First things first, make sure you're compiling a release build and not a debug build! In XCode, you want to select "Show Detailed Build Results" from the "Build" menu (or just hit Shift-Apple-B), and make sure "Active Target" is "Torque-MacCarb-Release" and "Active Build Style" is "Deployment", and then click the "Build" button to rebuild with the new optimizations. Obviously, you want to dial these back to debug settings if you need to step through the engine in the debugger, but if you are making a public build or are mostly fighting with scripts, then you might as well get the speed boost.

Use better compiler options.

Add some extra compiler optimizations to the build. The two you'll definitely want are -falign-loops=16 and -faltivec into your compile command lines. These are safe for debug builds, too. -faltivec doesn't actually change performance at all, it just gives us access to the vector-related keywords and Altivec intrinsics...this is needed on all build targets because we'll be adding some Altivec code later. The G4 takes a performance hit if you have a loop that isn't aligned to 16 bytes (hence the -falign-loops=16) ... G5 systems take a performance hit if they aren't aligned to 32-bytes, but with -falign-loops=16, you make this G4 friendly all the time, and a 50% chance of each loop being G5 friendly...overall, this isn't an unreasonable tradeoff at this point. You can just align all loops to 32 bytes, but you might start to see performance loss from cache thrashing and a larger executable to ship. Experiment if you like, but "16" seems to be safe for games shipped in 2005.

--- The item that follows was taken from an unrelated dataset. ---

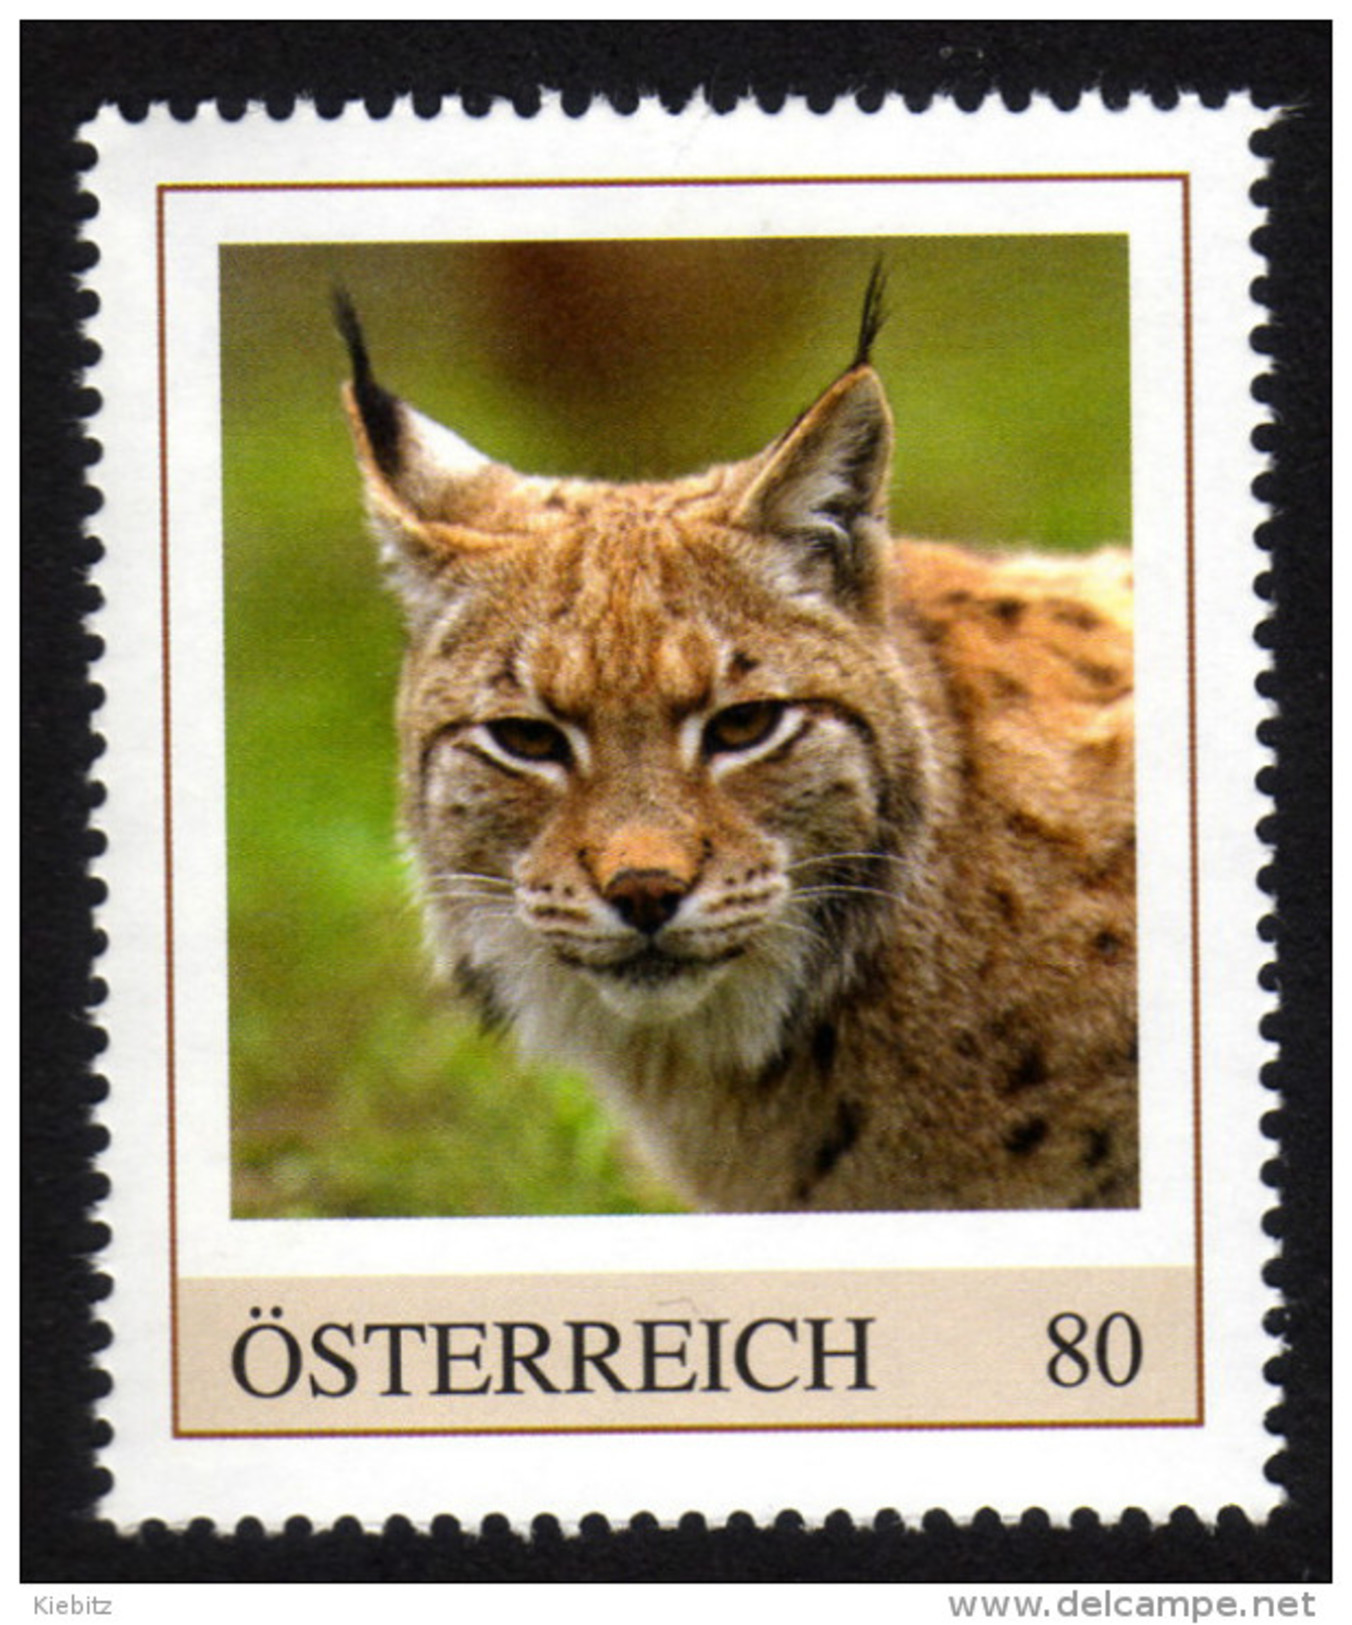 ÖSTERREICH 2016 ** Eurasischer LUCHS / Lynx Lynx - PM Personalized Stamps MNH - Raubkatzen

Most of the other Torque 1.3 optimization command lines seem okay (-O3, -mdynamic-no-pic, etc). If you are willing to jettison G3 support, you can add some G4-specific optimizations, but I don't consider this a good practice at this point in time unless you're doing a high-end game. There's a lot of G3 iBooks out there still. All the Altivec patches we'll be making will fall back to G3-friendly behavior at runtime, if necessary, too. Also worth adding is -ffast-math, which give less accurate but faster results for some heavy-expense math routines, and -fno-math-errno, which makes most of the functions in the C runtime's math.h neglect to set the variable "errno" on error...generally this lets the compiler replace some of these functions with inline code (notably, sqrt() on G5-specific builds, but other things as well).

On XCode's "Project" menu, pick "Edit Active Target 'Torque-MacCarb-Release'", then "GCC Compiler Settings", and put "-falign-loops=16 -faltivec -ffast-math -fno-math-errno" at the end of the "Other C Compiler Flags" junk. Add just "-faltivec" to the "Torque-MacCarb-Debug" settings.

While we're discussing debug settings, Torque 1.3 comes with the debug build set to optimize for binary size (-Os)...this makes debugging harder. Dial this back to -O0 (no optimizations at all) to make debugging easier. Also, release builds can have the "generate debug symbols" box checked if you will remember to strip the binary before shipping. Hey, sometimes you need to use the debugger with a release build! Stripping a binary removes debug symbols after the fact and is perfectly safe, but that's up to your discretion and understanding of the "strip" command line tool.

Also, you're going to need the veclib framework. This ships on every Mac, you just need to tell the project to use it, since we'll be adding some patches later that rely on it. Expand "torque_pb_2_1" in the tree on the left pane in XCode's main window, find "Frameworks" and right-click/ctrl-click it, and choose "Add" -> "Existing Frameworks..." from the popup menu. Then go find "Macintosh HD/System/Library/Frameworks/vecLib.framework" and click the "Add" button. Add it to all targets. That's all.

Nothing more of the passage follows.